Аня отзывается на мои ласки по обыкновению живо и с энтузиазмом. Скольжу пальцами по ее талии, комкаю ткань ее футболки, как бы невзначай задевая плоский животик и пупок, собираю мурашки с ее поясницы… Я знаю границы дозволенного и никогда не перехожу их, хотя, если честно, безумно хочется. Но Аня еще слишком юная, слишком впечатлительная и невинная для чего-то большего, чем просто поцелуи.
Поэтому я не забегаю вперед. Придет время, и мы все сделаем, как надо. Ну а пока — следует немного подождать.
— Пора, — с трудом тушу пожар страсти, который с каждой секундой разгорается все сильнее и сильнее. — Сторож погасил свет.
Расступаемся. Вешаем на плечи рюкзаки и, взявшись за руки, отправляемся в путь. Идем медленно и тихо, изредка обмениваясь подбадривающими взглядами.
На самом деле я не сомневаюсь, что наш побег удастся. Детдом — это вам не колония строго режима. Здесь нет ни колючей проволоки, ни камер наблюдения, ни вооруженной до зубов охраны. Старый сторож дядя Васи да скрипучая калитка — вот и все наши преграды.
Другое дело, что сейчас, на фоне планируемого удочерения, за Аней, скорее всего, пристально следят. Но это опять же не проблема. Ведь никто не знает о наших планах на побег, верно? А значит, и предотвратить его не получится. Так что свобода, можно сказать, у нас уже в кармане.
Осторожно отворяю дверь, ведущую на улицу, и опасливо оглядываюсь по сторонам. Вокруг — ни души. Только ночной ветер мечется в листве и жалобно подвывает.
— Пошли, — говорю я, утягивая Аню за собой. — Все тихо.
Приближаемся к ограде. Теперь нужно быстро и максимально бесшумно через нее перемахнуть, а дальше — дело за малым.
— Я первый, — бросаю через плечо. — Залезу и помогу тебе подтянуться. Но будь осторожна — пики острые. Ими можно пораниться.
— Хорошо.
Взбираюсь по ржавым выступам за считанные секунды, а затем наклоняюсь вниз и протягиваю руку Ане, чтобы с моей помощью она тоже вскарабкалась наверх.

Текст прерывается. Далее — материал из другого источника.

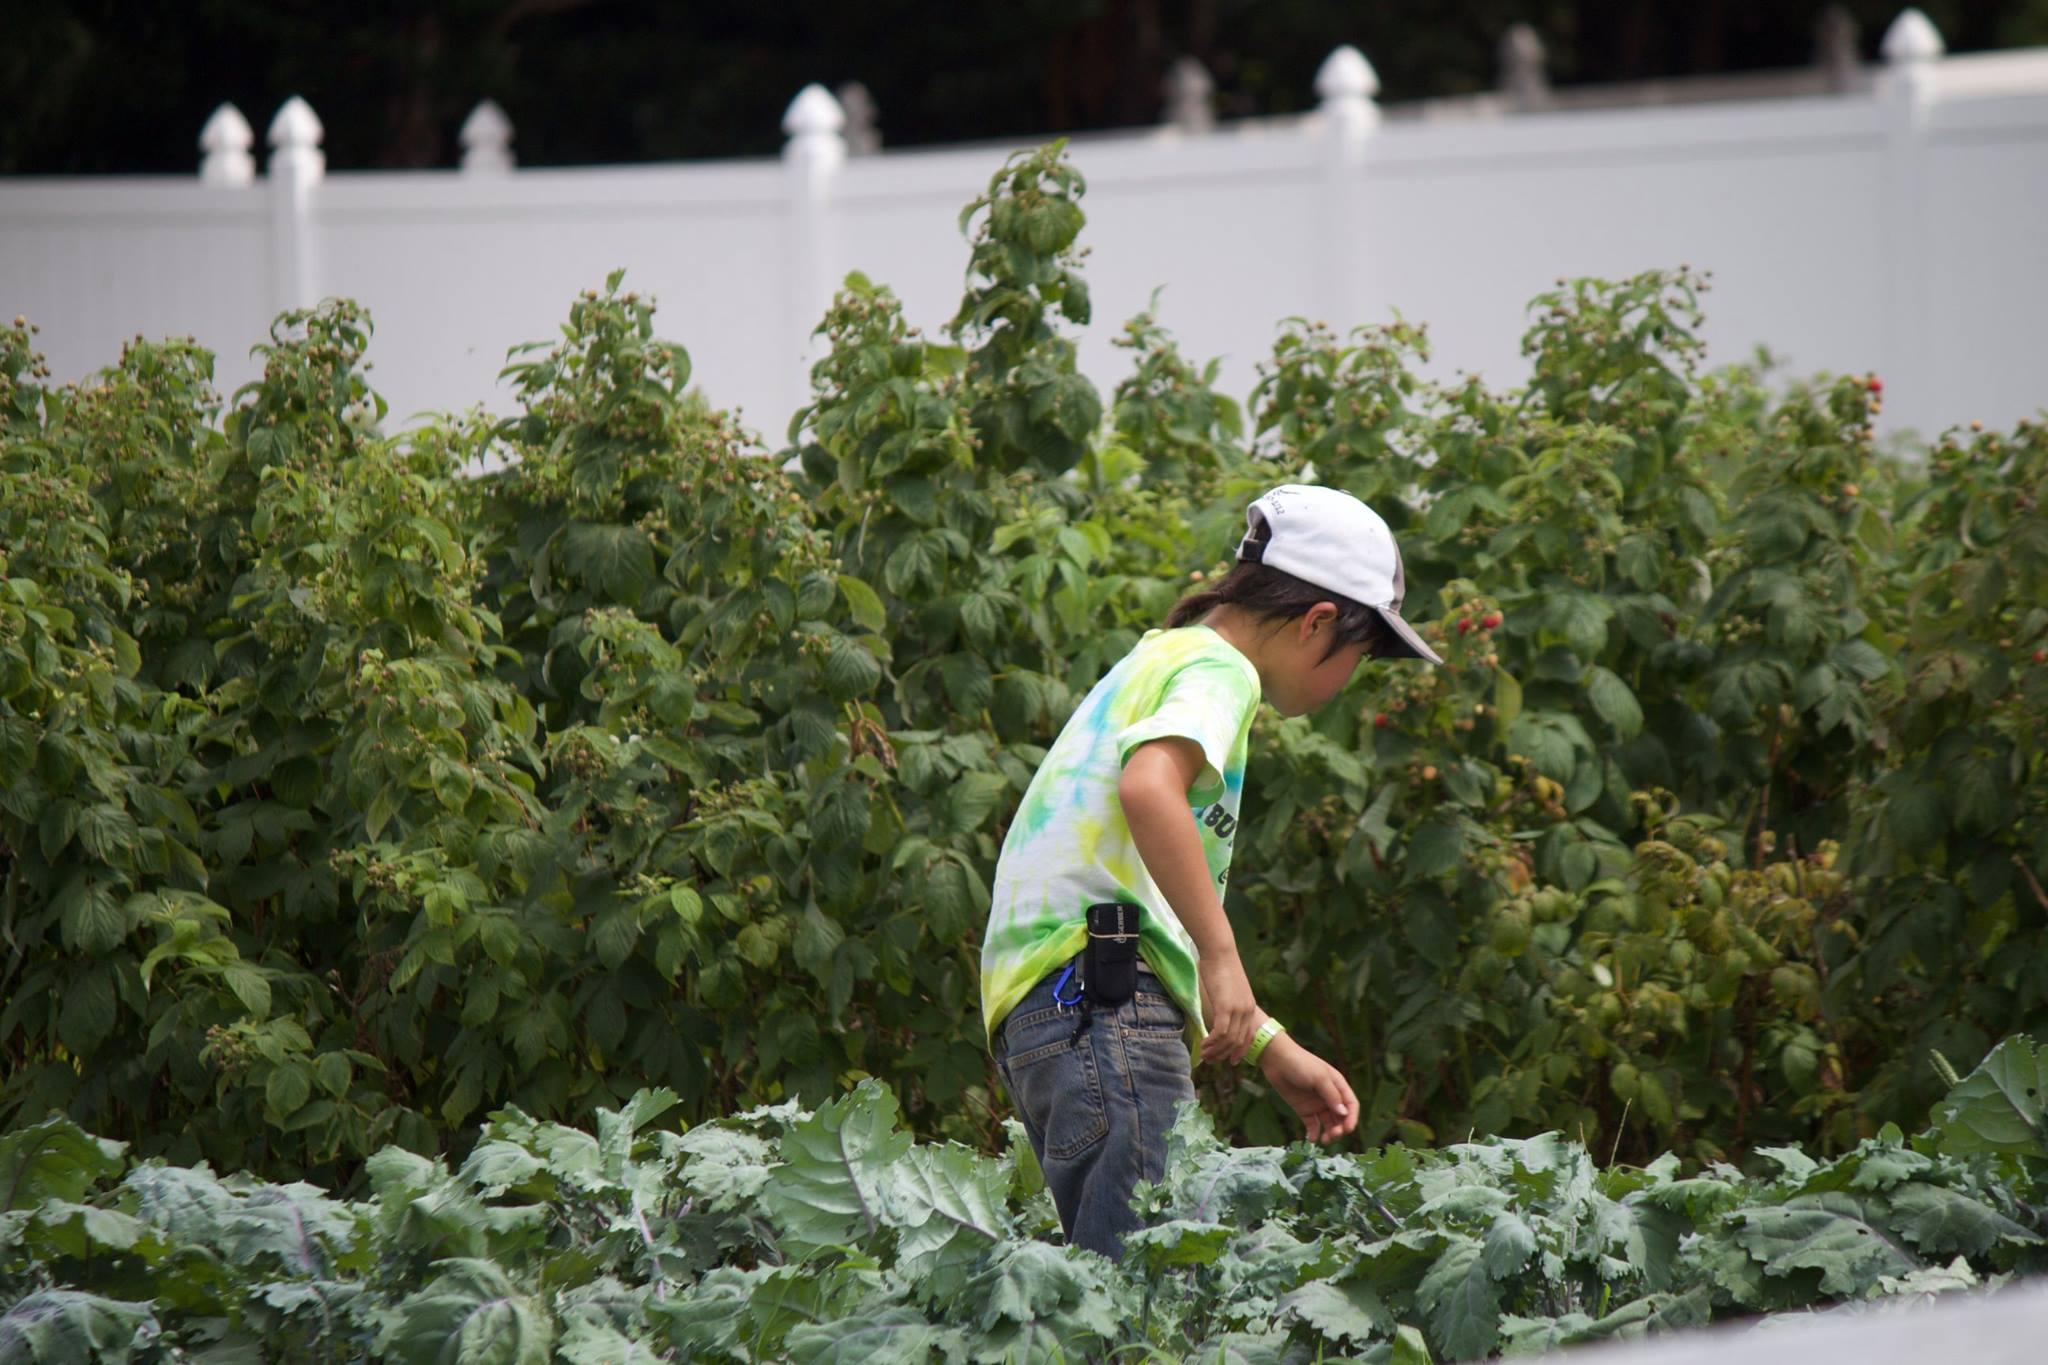 農作業に従事する鷹之介君=アメリカ・マサチューセッツ州のライトロック農場

Ухватившись за мою ладонь, малышка предпринимает несколько неудачных попыток подняться, а потом вздыхает и по-детски кривит губы. Расстроилась, бедненькая. Неужто думает, что я ее там оставлю?
Изловчившись, напрягаюсь всем телом и силой затаскиваю Аню на вершину. Ей остается лишь поддаться инерции и изредка перебирать ногами.
— Вот поганцы! Куда намылились?! — злобный голос сторожа прорезает тишину.
Вздрогнув, вскидываю взгляд, и сердце с гулким грохотом ухает в пятки. Он совсем близко. Словно следом за нами шел.
Адреналин ударной волной выбрасывается в кровь, и я судорожно хватаю Аню плечи. Намереваюсь переправить на ту сторону сначала ее, а потом спрыгнуть самому, но не выходит: урод дядя Вася вцепился в ее рюкзак и что есть мочи тянет на себя.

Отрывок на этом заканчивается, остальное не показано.